Pelosi was having none of it. “You have the Senate,” she told Trump. “You have the House of Representatives. You have the votes. You should pass it right now.” Pelosi tried repeatedly to get Trump to dismiss the reporters in the White House press pool so they could haggle privately over the issue. “I don’t think we should have a debate in front of the press on this,” she said, and then a few minutes later, with the cameras still rolling, “let us have our conversation, and then we can meet with the press again.”

But Trump wanted to have a public fight. “There are no votes in the House—a majority of votes—for a wall, no matter where you start,” Pelosi told Trump, practically daring the president to try to muscle a bill through the House to pay for the wall. She knew that privately, Republican leaders had begun to worry that they would not be able to muster enough votes to pass the bill, with many of their rank-and-file members—particularly those who had been defeated in the midterm elections the previous month—in no mood to return to Washington weeks before Christmas to wage war over Trump’s wall. Trump needled Schumer that he had gotten “killed” so badly during January’s “Schumer shutdown” over DACA that he had been forced to back down in just a day (“I don’t want to do what you did,” Trump said). And the president sought to undercut Pelosi, who had just headed off an internal Democratic rebellion and been nominated by her colleagues to reclaim the distinction as the first and only woman to serve as speaker of the house—a job she had relinquished in 2011 after Republicans took control of the chamber. There were still rumblings that Pelosi would face a challenge in January during the official floor vote, and Trump, ever the bully, went straight for what he considered Pelosi’s weak spot.
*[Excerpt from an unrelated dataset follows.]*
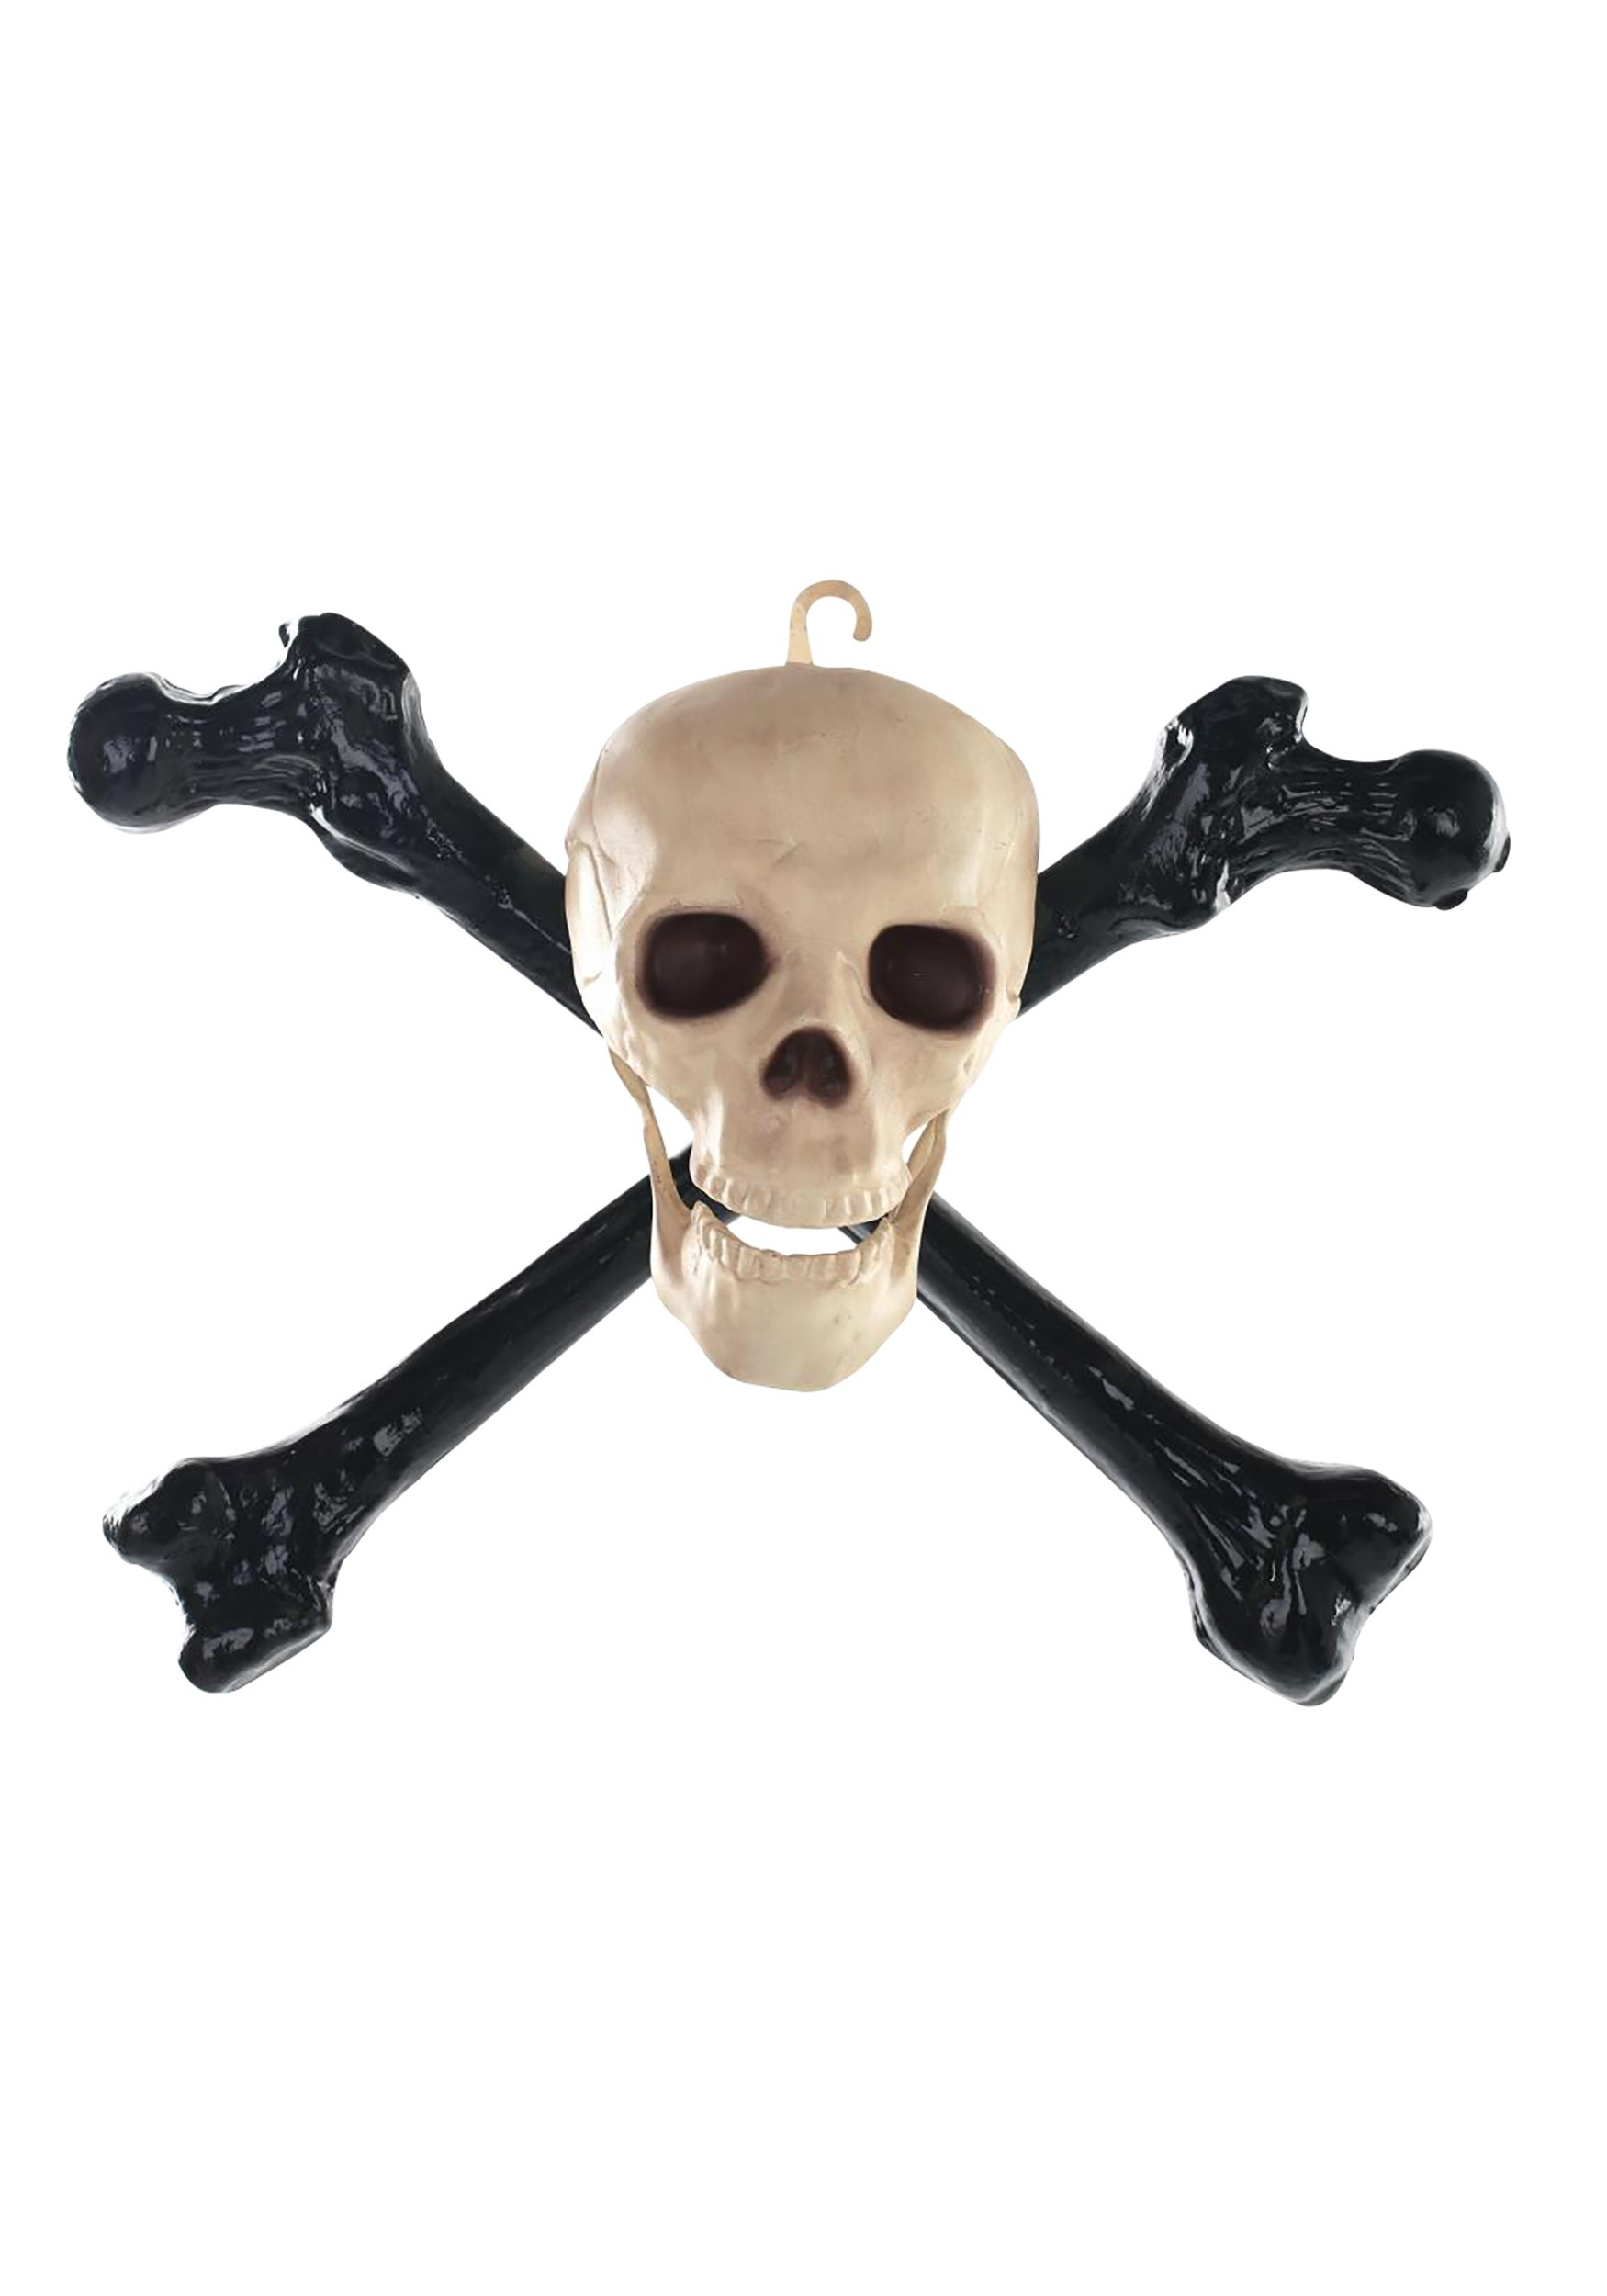 16 skull and crossbones

“I don’t think we really disagree so much,” Trump said. “I also know that, you know, Nancy is in a situation where it’s not easy for her to talk right now, and I understand that.”

Schumer gazed silently at Pelosi across the coffee table, which was adorned with an arrangement of red roses, and raised his eyebrows dramatically in her direction. “Mr. President,” Pelosi said with barely disguised disgust, wagging a finger as she spoke. “Please don’t characterize the strength that I bring to this meeting as the leader of the House Democrats who just won a big victory.”

It was clear that Trump wanted to show that he was driving this conversation, and Schumer, sensing an opening, was happy to oblige. Schumer had come to the White House that day armed with a tally compiled by his staff of twenty separate instances in which the president had publicly threatened to shut down the government if he did not get his way on funding the wall. How hard could it be to get Trump, who had invited the press in to watch as he browbeat Democrats over the issue, to say so again?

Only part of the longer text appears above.